Topic Modeling – Latent Semantic Analysis (LSA) and Singular Value Decomposition (SVD):

Singular Value Decomposition is a Linear Algebraic concept used in may areas such as machine learning (principal component analysis, Latent Semantic Analysis, Recommender Systems and word embedding), data mining and bioinformatics
The technique decomposes given matrix into there matrices, let’s look at programmer’s perspective of the technique.

[codesyntax lang=”python”]

import numpy as np
import pandas as pd

[/codesyntax]

Let’s take a small dataset and create Document-Term matrix.

Note: Need to build Term-Document matrix For Query Retrieval in IR task.

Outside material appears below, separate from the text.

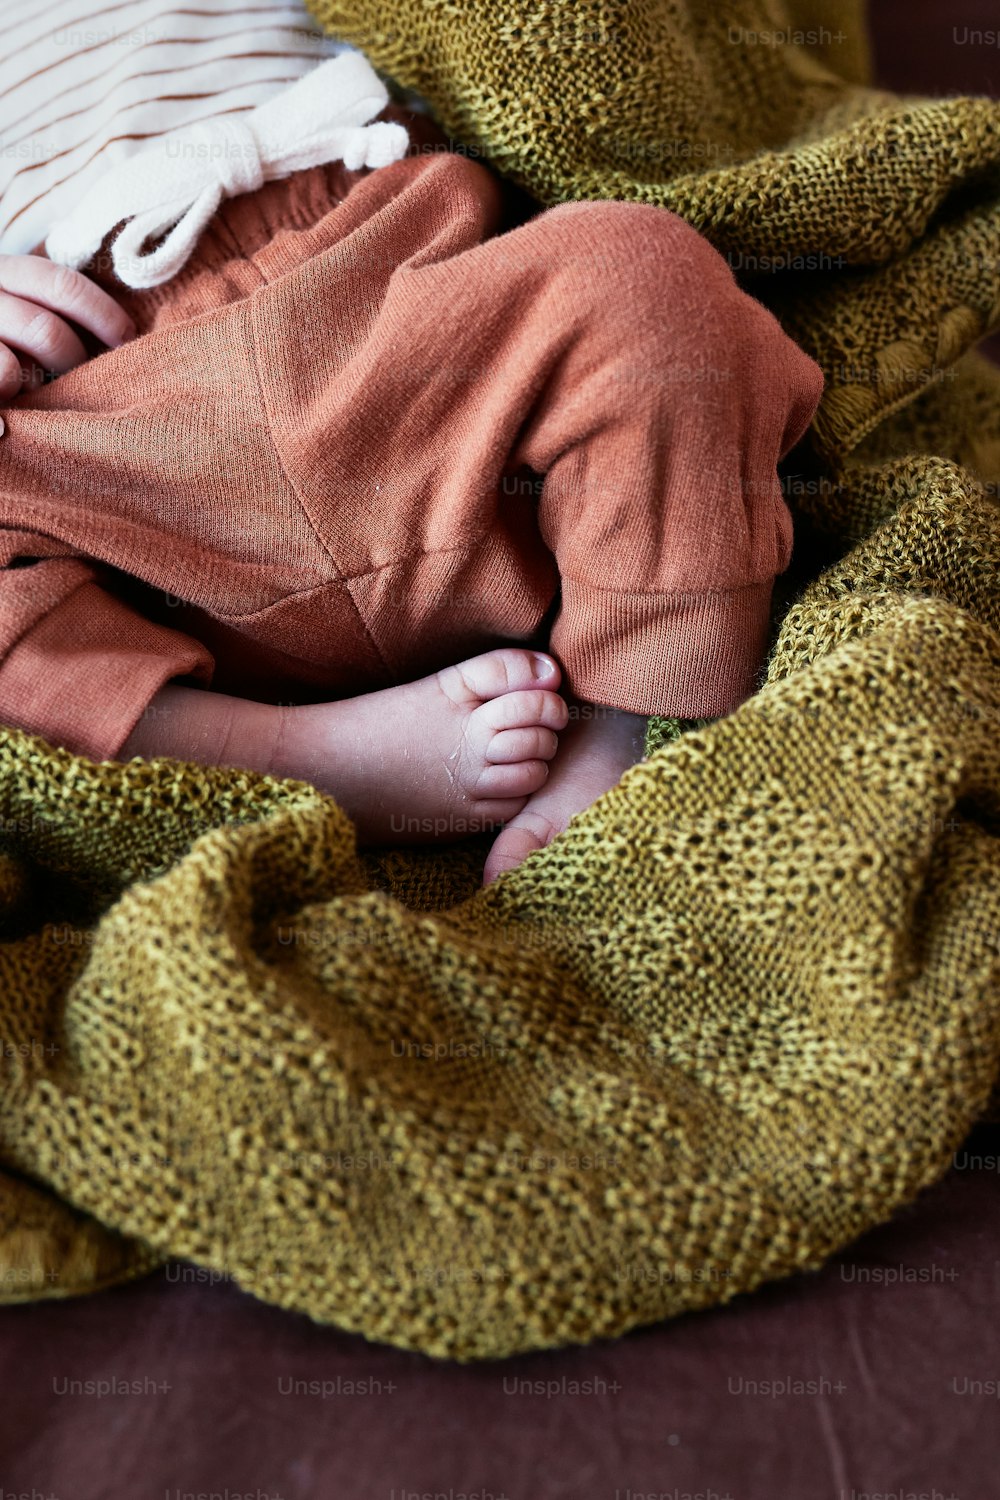 Un bebé envuelto en una manta en un sofá

[codesyntax lang=”python”]

documents = ["I enjoy Machine Learning", "I like NLP", "I like deep learning"]

from sklearn.feature_extraction.text import CountVectorizer

cv = CountVectorizer(ngram_range=(1, 1))
X = cv.fit_transform(documents).toarray()

[/codesyntax]

X is the Document-Term Matrix, “DOCUMENTS” – are the “rows” and “TOKENS” – are the “columns” of the matrix

Output: array([[0, 1, 1, 0, 1, 0],
       [0, 0, 0, 1, 0, 1],
       [1, 0, 1, 1, 0, 0]], dtype=int64)

[codesyntax lang=”python”]

cv.get_feature_names()

[/codesyntax]

Output: ['deep', 'enjoy', 'learning', 'like', 'machine', 'nlp']

[codesyntax lang=”python”]

cv.vocabulary_

[/codesyntax]

Output: {'enjoy': 1, 'machine': 4, 'learning': 2, 'like': 3, 'nlp': 5, 'deep': 0}

Notation

“*” – for Matrix multiplication
V.T – to denote Transpose of matrix V

Now SVD will decompose rectangular matrix X into there matrices. Namely U, S and V.T (V transpose)

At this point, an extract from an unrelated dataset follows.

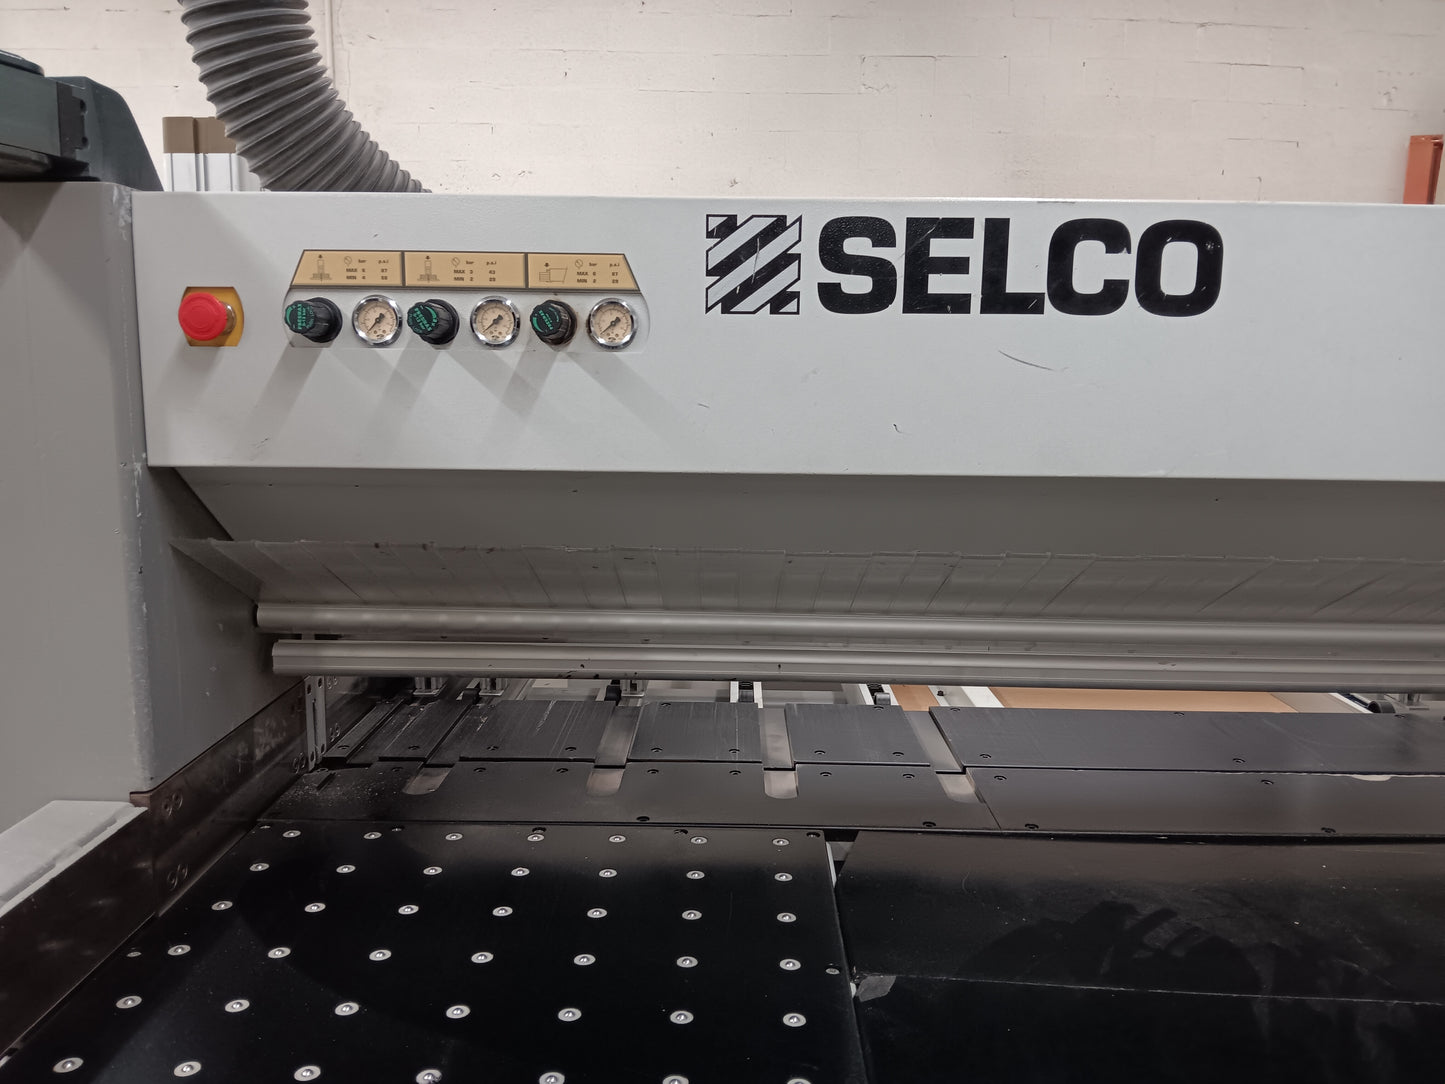 2012 Biesse Selco Sektor 450 Panel Saw - Florida

U – the left Eigen vector (orthogonal) matrix, the vectors extract “Document-to-Document similarity”.
V – the right Eigen vector (orthogonal) matrix, the vectors extract “Strength of Two Different Words Occurring in one Document” (may or may-not be co-occurrence)
S – the Eigen Values (diagonal) matrix, explains variance ratio.

Before we understand how U, V, S extract relation strengh or explain variance ratio. Let’s understand on how to decompose X.
To decomposing any matrix, we should use Eigen Vectors, Eigen Values decomposition.
A matrix is eligible to apply Eigen decomposition only when it is a *square and symmetric matrix.
We can get a SQUARE, SYMMETRIC matrix by multiplying “X.T with X” or “X with X.T”, we can decompose these (np.dot(X.T,X) and np.dot(X,X.T) and get U, S, V matrixes.

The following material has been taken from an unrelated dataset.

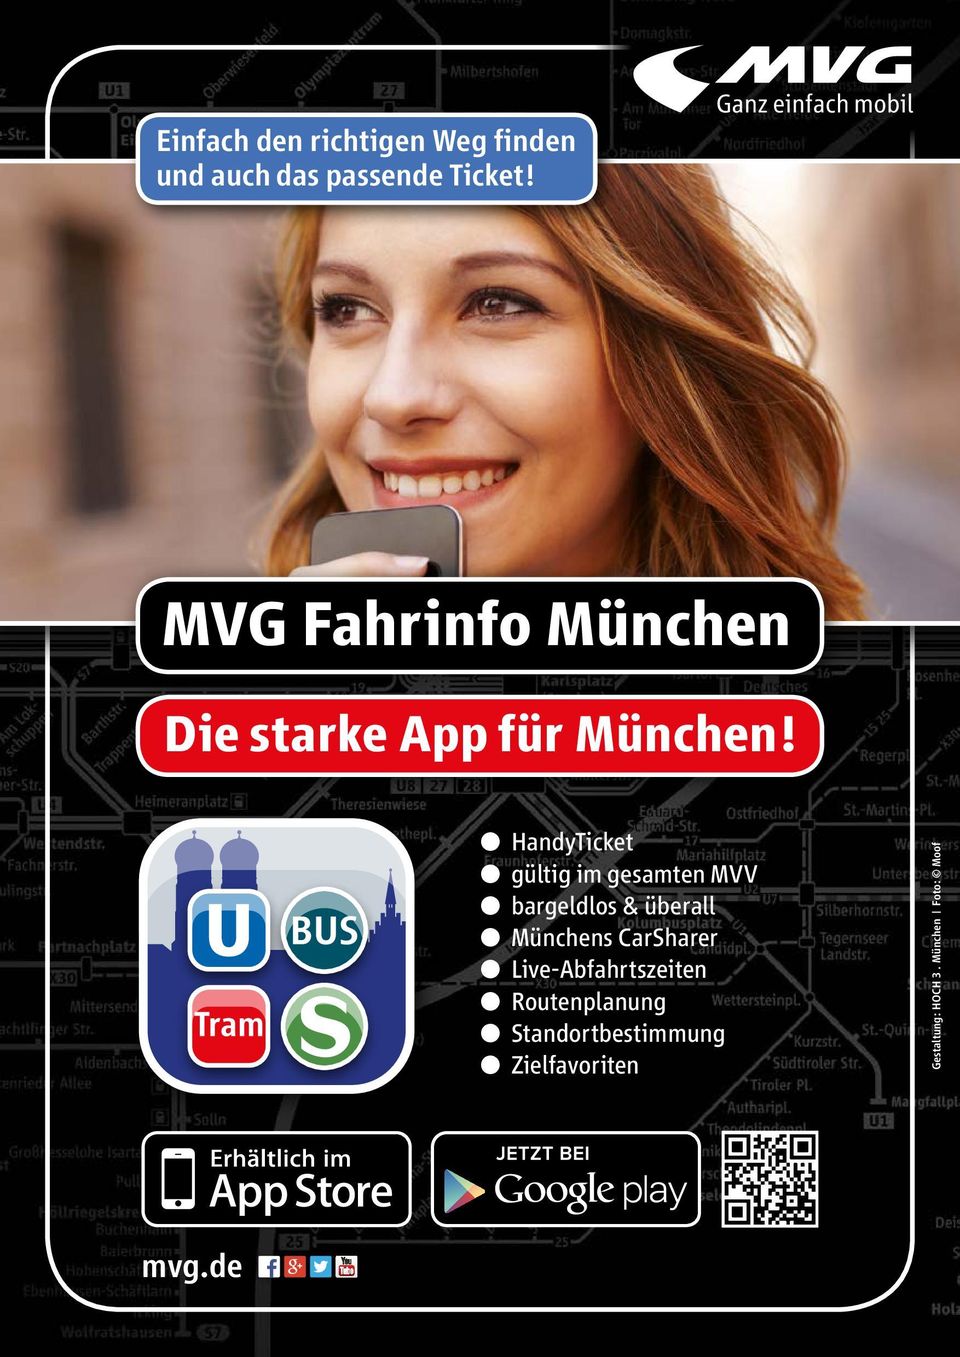 l HandyTicket l gültig im gesamten MVV l bargeldlos & überall l Münchens

Why to multiply “X.T with X” or “X with X.T”?, Why to decompose “X.T with X” or “X with X.T”?
Suppose that X is decomposed as U S V.T
- i.e., X = U * S * V.T
Now let’s see what is X.T multiplied by X
- X.T * X = (U * S * V.T).T * (U * S * V.T)
- = (V * S.T * U.T) * (U * S * V)
- = V * S.T * (U.T * U) * S * V)
- = V * S.T * (I) * S * V # as U is an orthogonal matrix U.T * U = I
- = V * (S.T * S) * V
- = V * S^2 * V # as S is diagnoal matrix S.T * S is S-square
We got V * S^2 * V, when we multiply X.T with X, where X is in decomposed form (U * S * V.T), Hence, when we decompose X.T * X, we get values of matrix V and S^2
Now let’s see what is X multiplied by X.T
- X * X.T = (U * S * V.T) * (U * S * V.T).T
- = (U * S * V) * (V.T * S.T * U)
- = (U * S * (V * V.T) * S.T * U)
- = U * S * (I) * S.T * V # as U is an orthogonal matrix U.T * U = I
- = U * (S.T * S) * U
- = U * S^2 * U # as S is diagnoal matrix S * S.T is S-square
We got U * S^2 * U, when we multiply X.T with X, where X is in decomposed form (U * S * V.T), Hence, when we decompose X * X.T, we get values of matrix U and S^2
Bottom line: To find U, S and V, we need to find Eigen Decoposition of X.T * X and X * X.T

X.T * X is word similarity matrix, the (i, j) position in X.T * X will quantify the overlap of Word-i and Word-j. Number of Documents in which both words i and j occur. (This inference is based out of Document-Term matrix, if it is Tf-IDF, then the inference would be different)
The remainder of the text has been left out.